Stone G N, Purvis A
Department of Zoology, Oxford University, UK.
J Comp Physiol B. 1992;162(3):284-95. doi: 10.1007/BF00357536.
This study examines the relationship between warm-up rate, body mass, metabolic rate, thermal conductance and normothermic body temperature in heterothermic mammals during arousal from torpor. Predictions based on the assumption that the energetic cost of arousal has been minimised are tested using data for 35 species. The observation that across-species warm-up rate correlates negatively with body mass is confirmed using a comparative technique which removes confounding effects due to the non-independence of species data due to shared common ancestry. Mean warm-up rate during arousal correlates negatively with basal metabolic rate and positively with the temperature difference through which the animal warms, having controlled for other factors. These results suggest that selection has operated to minimise the overall energetic cost of warm-up. In contrast, peak warm-up rate during arousal correlates positively with peak metabolic rate during arousal, and negatively with thermal conductance, when body mass has been taken into account.

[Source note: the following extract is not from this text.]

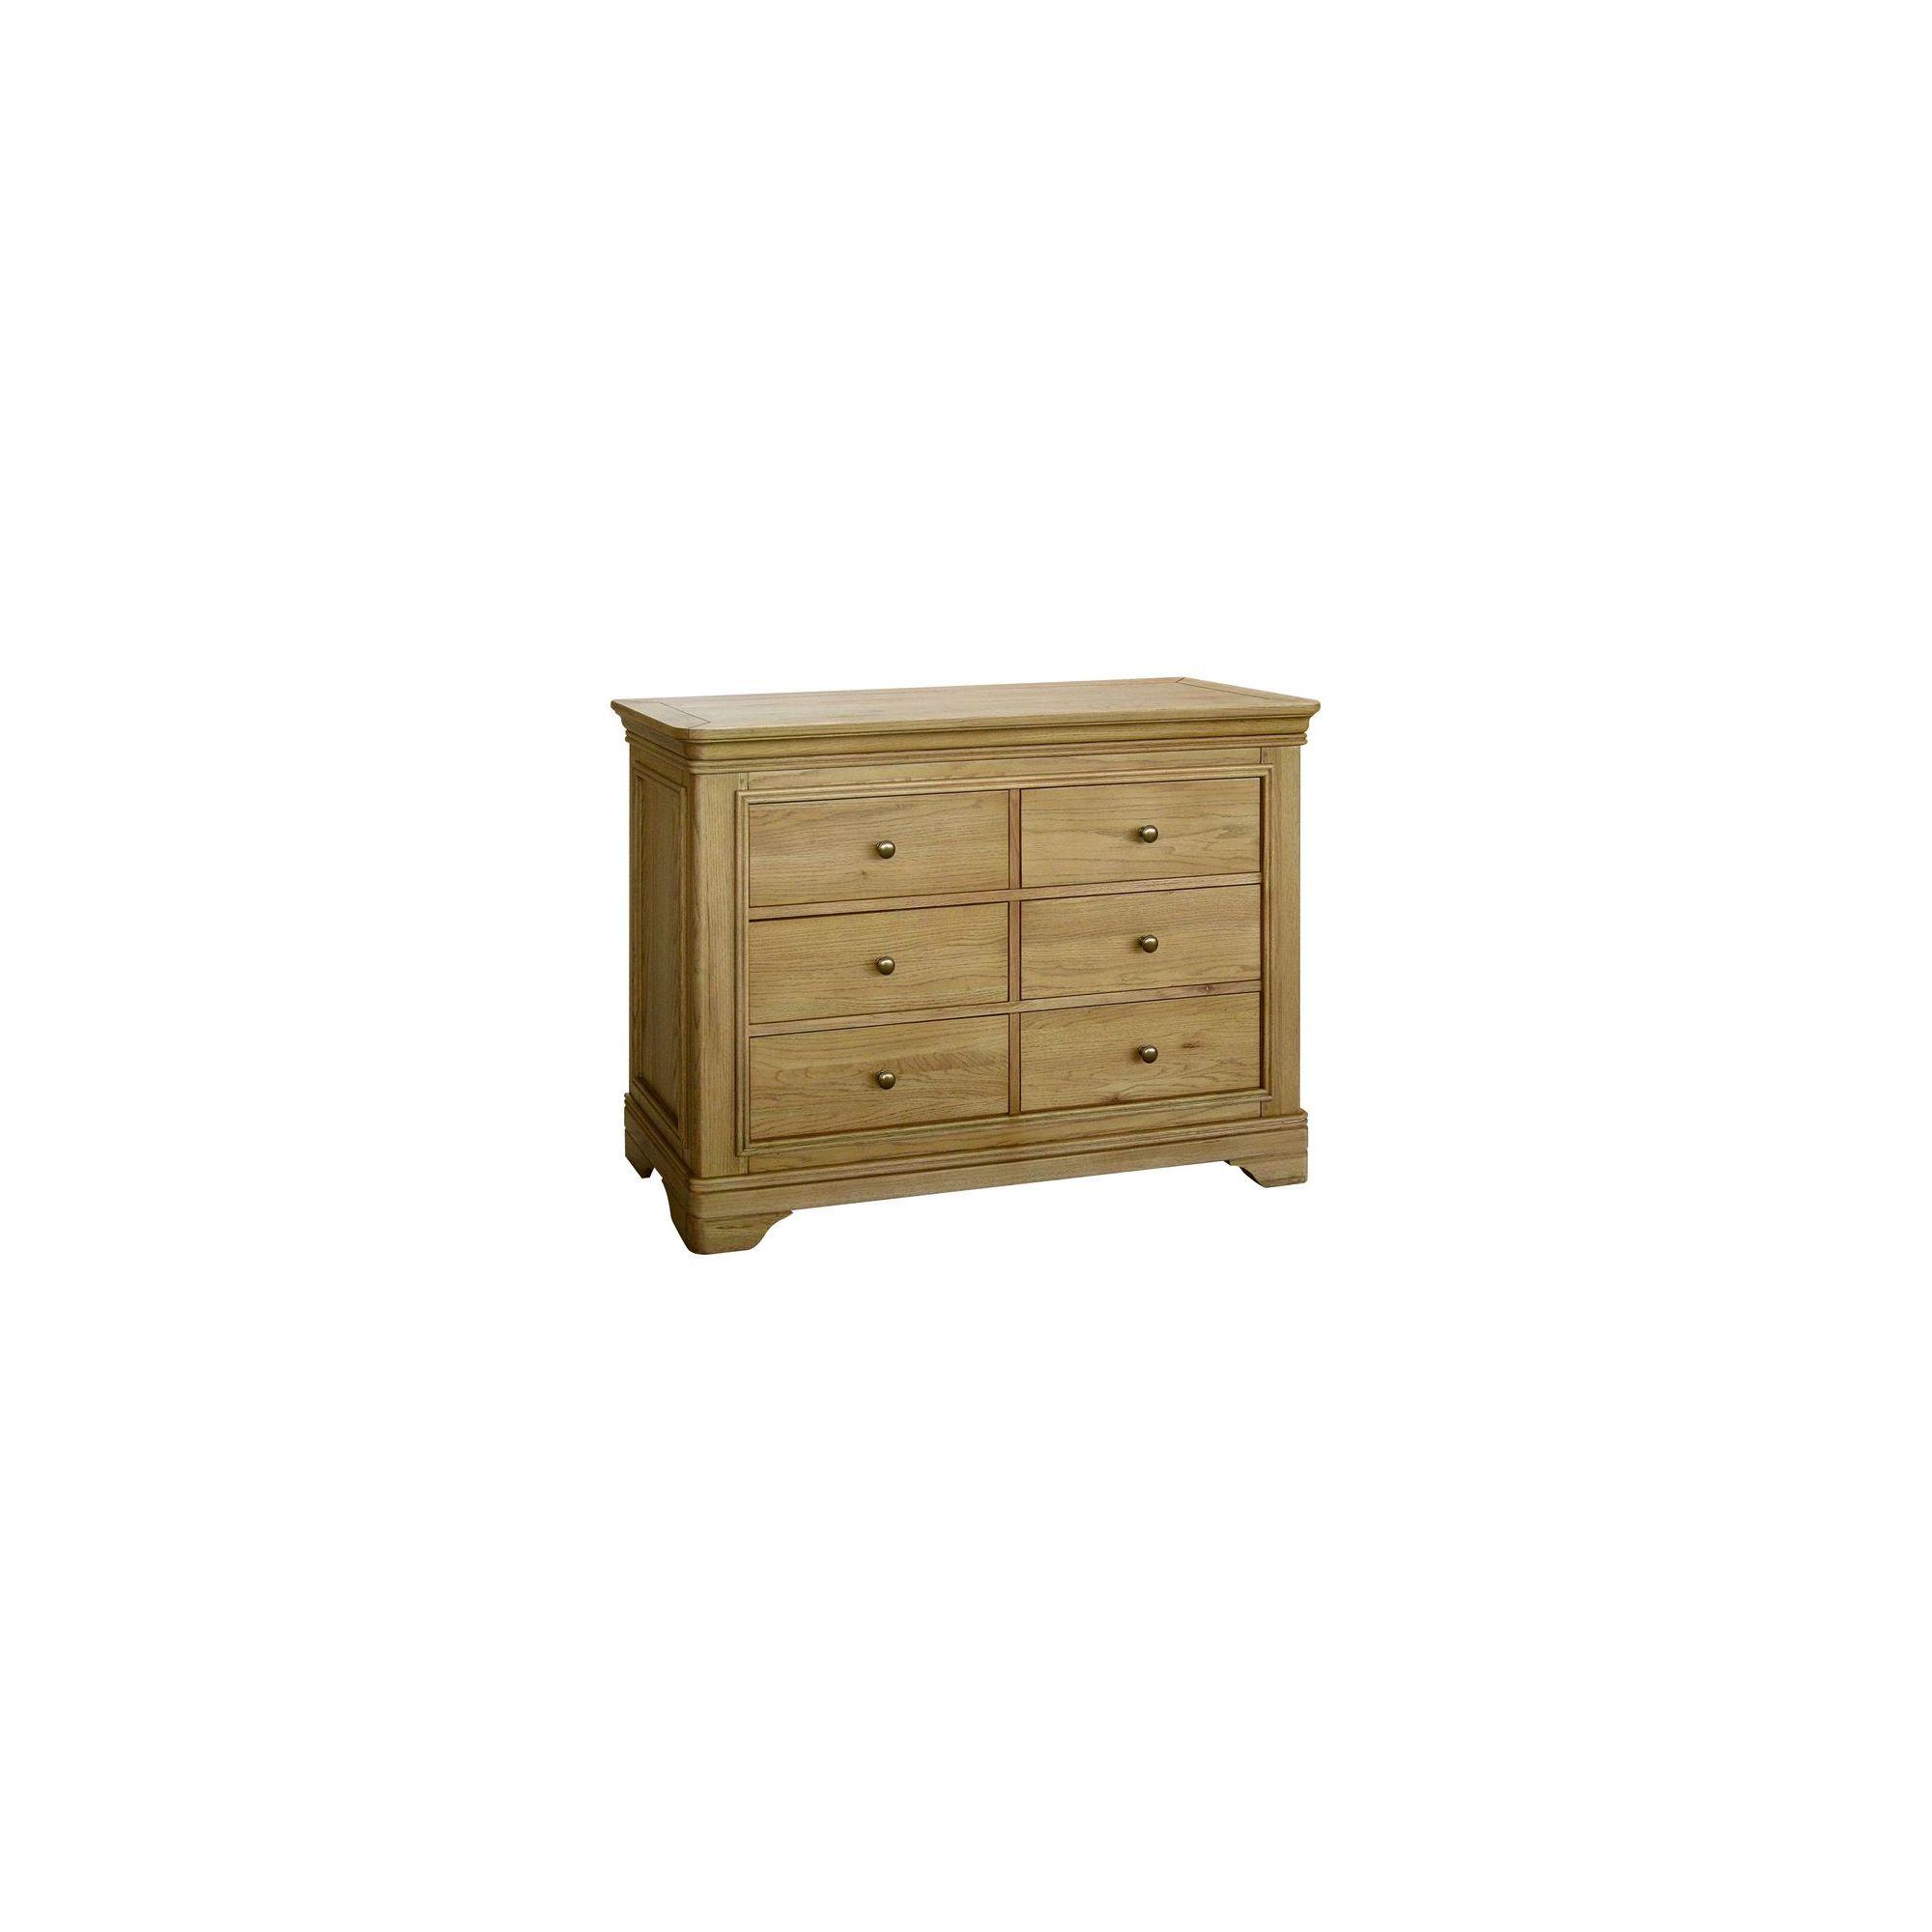 Kelburn Furniture Loire 6 Drawer Chest at Tesco Direct
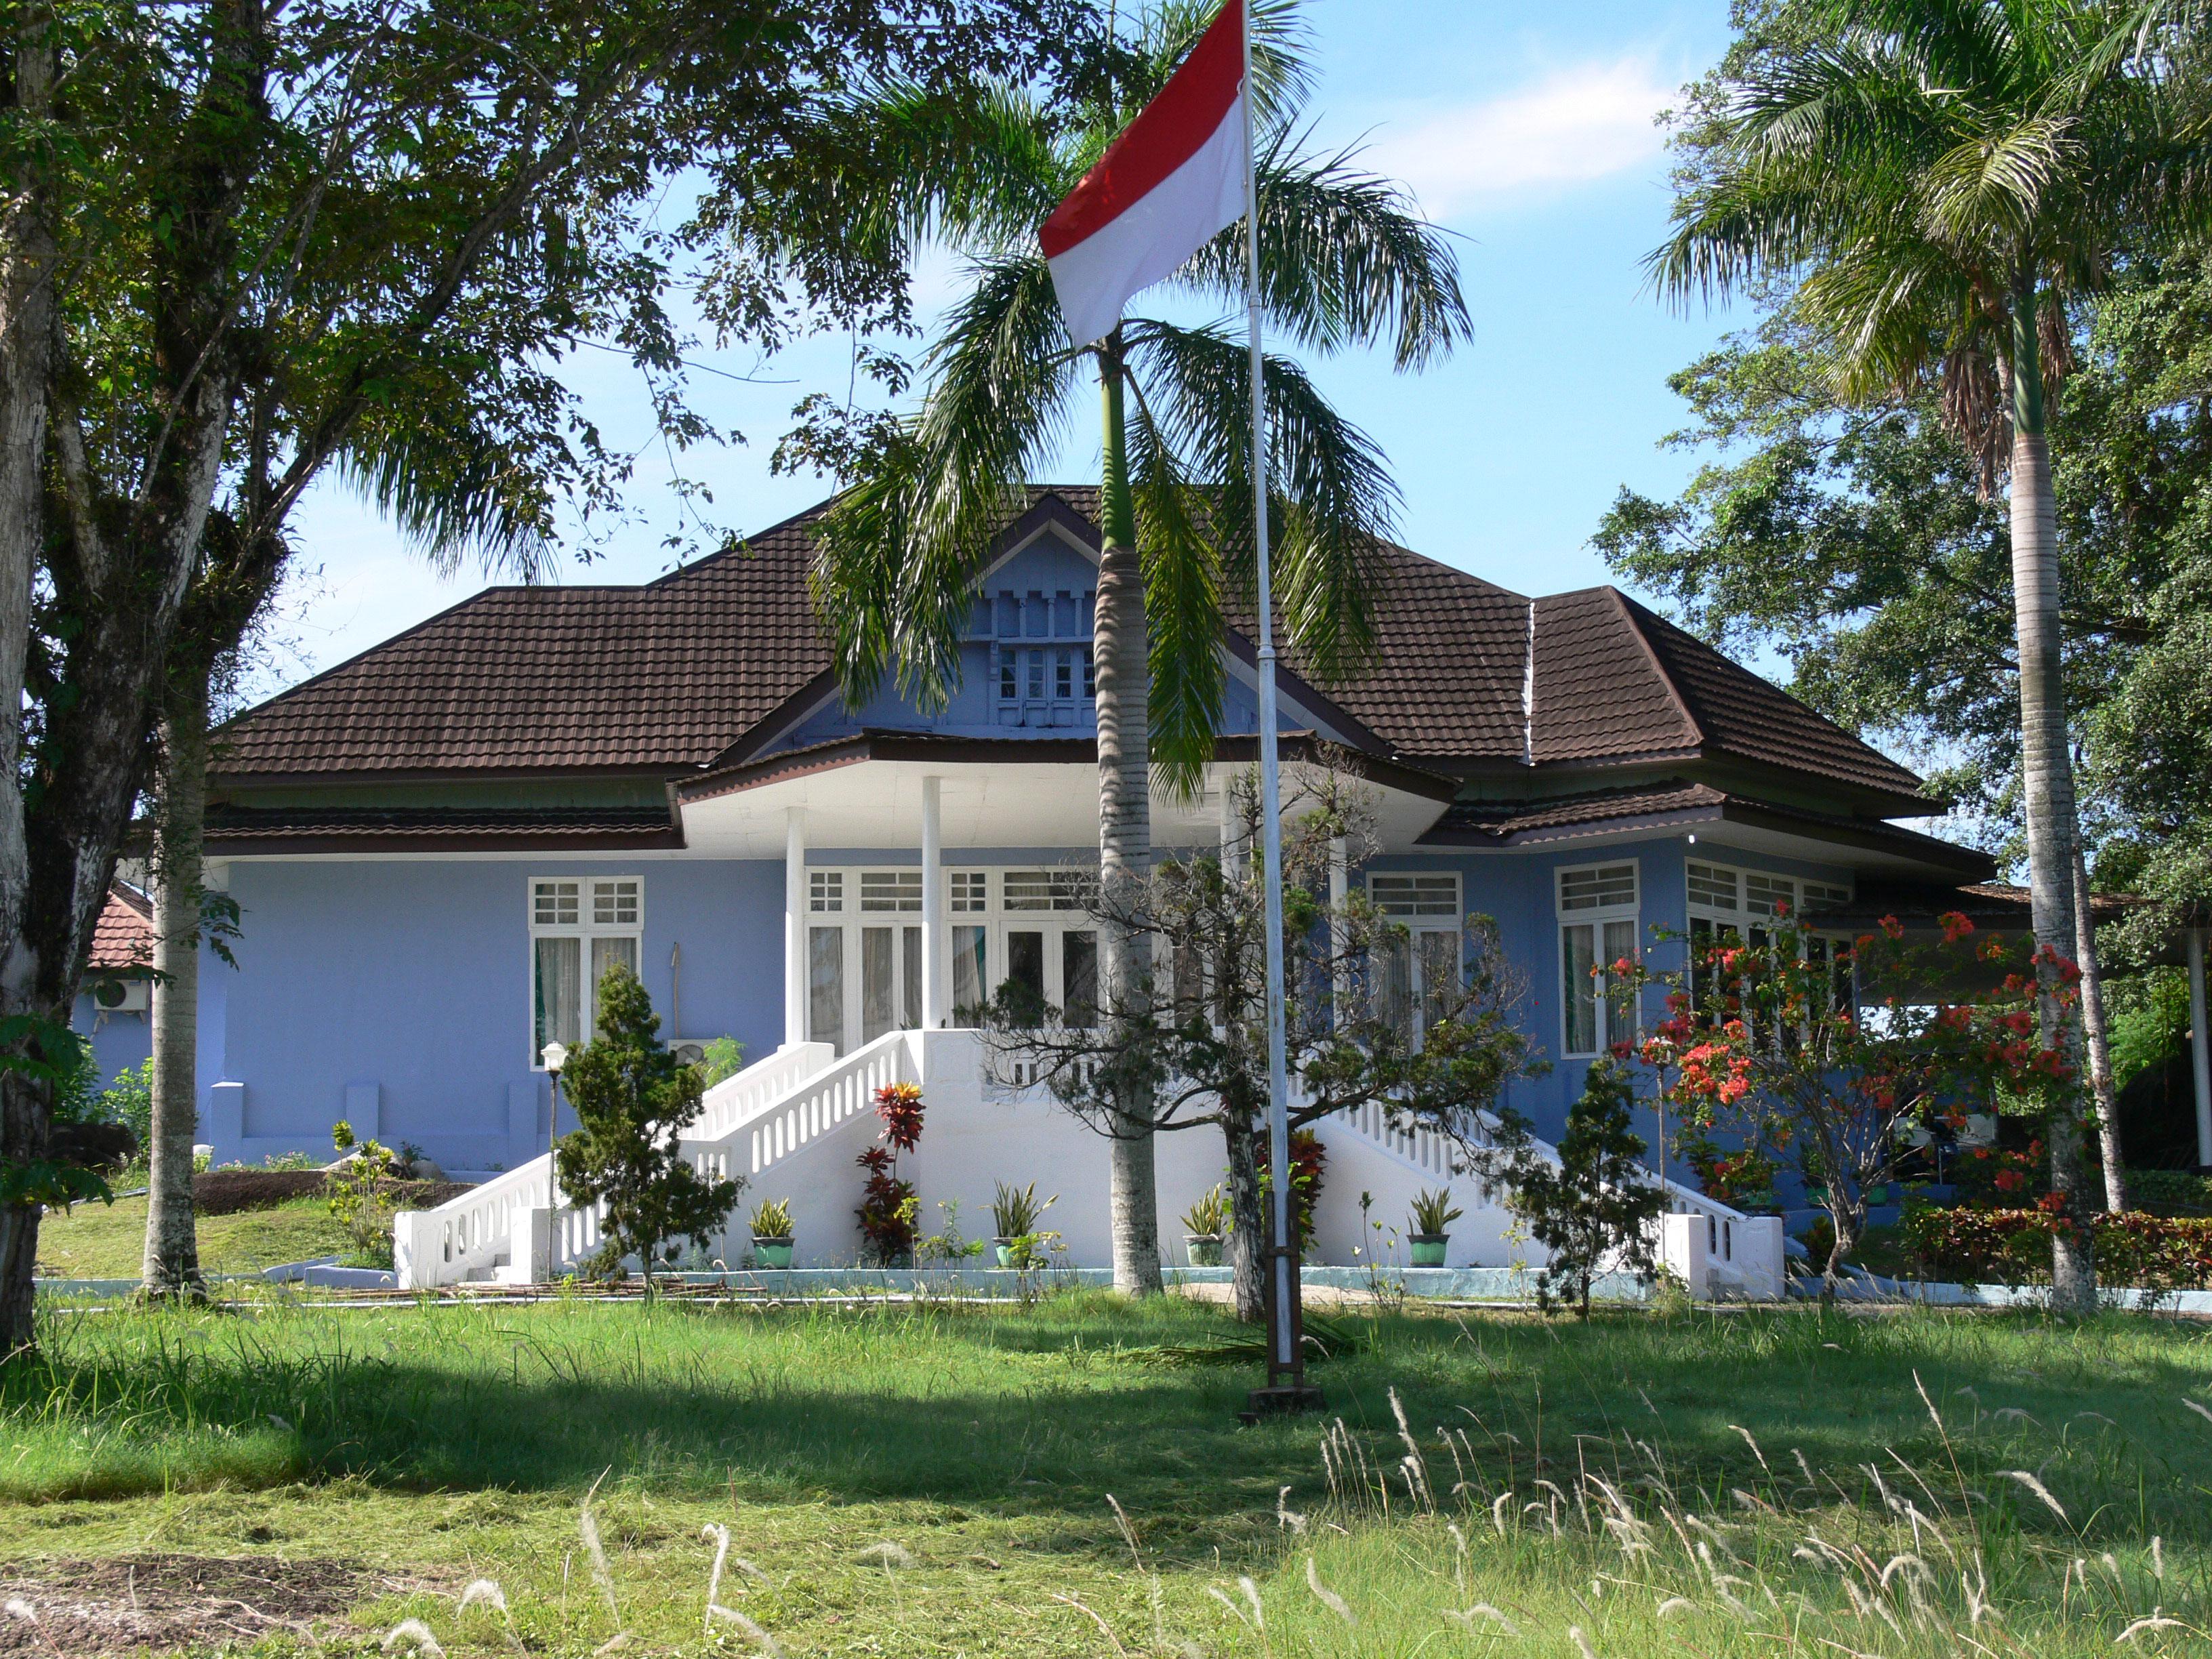 maison du gouverneur hollandais Tanjung Pandan Belitung Indonésie

These results suggest that peak warm-up rate is more sensitive to the fundamental processes of heat generation and loss. Although heterothermic marsupials have lower normothermic body temperatures and basal metabolic rates, marsupials and heterothermic eutherian mammals do not differ systematically in warm-up rate. Pre-flight warm-up rates in one group of endothermic insects, the bees, are significantly higher than predictions based on rates of arousal of a mammal of the same body mass.
本研究考察了异温哺乳动物从蛰伏状态苏醒期间,热身速率、体重、代谢率、热传导以及正常体温之间的关系。基于唤醒能量消耗已降至最低这一假设所做的预测,利用35个物种的数据进行了检验。运用一种比较技术证实了跨物种热身速率与体重呈负相关,该技术消除了由于共同祖先导致物种数据非独立性所产生的混杂效应。在控制了其他因素后,苏醒期间的平均热身速率与基础代谢率呈负相关,与动物升温的温差呈正相关。这些结果表明,自然选择作用于将热身的总体能量消耗降至最低。相比之下,在考虑体重因素时,苏醒期间的最高热身速率与苏醒期间的最高代谢率呈正相关,与热传导呈负相关。这些结果表明,最高热身速率对产热和散热的基本过程更为敏感。尽管异温有袋类动物的正常体温和基础代谢率较低,但有袋类动物和异温真兽类哺乳动物在热身速率上并无系统性差异。一组恒温昆虫(蜜蜂)飞行前的热身速率显著高于基于相同体重哺乳动物唤醒速率所做的预测。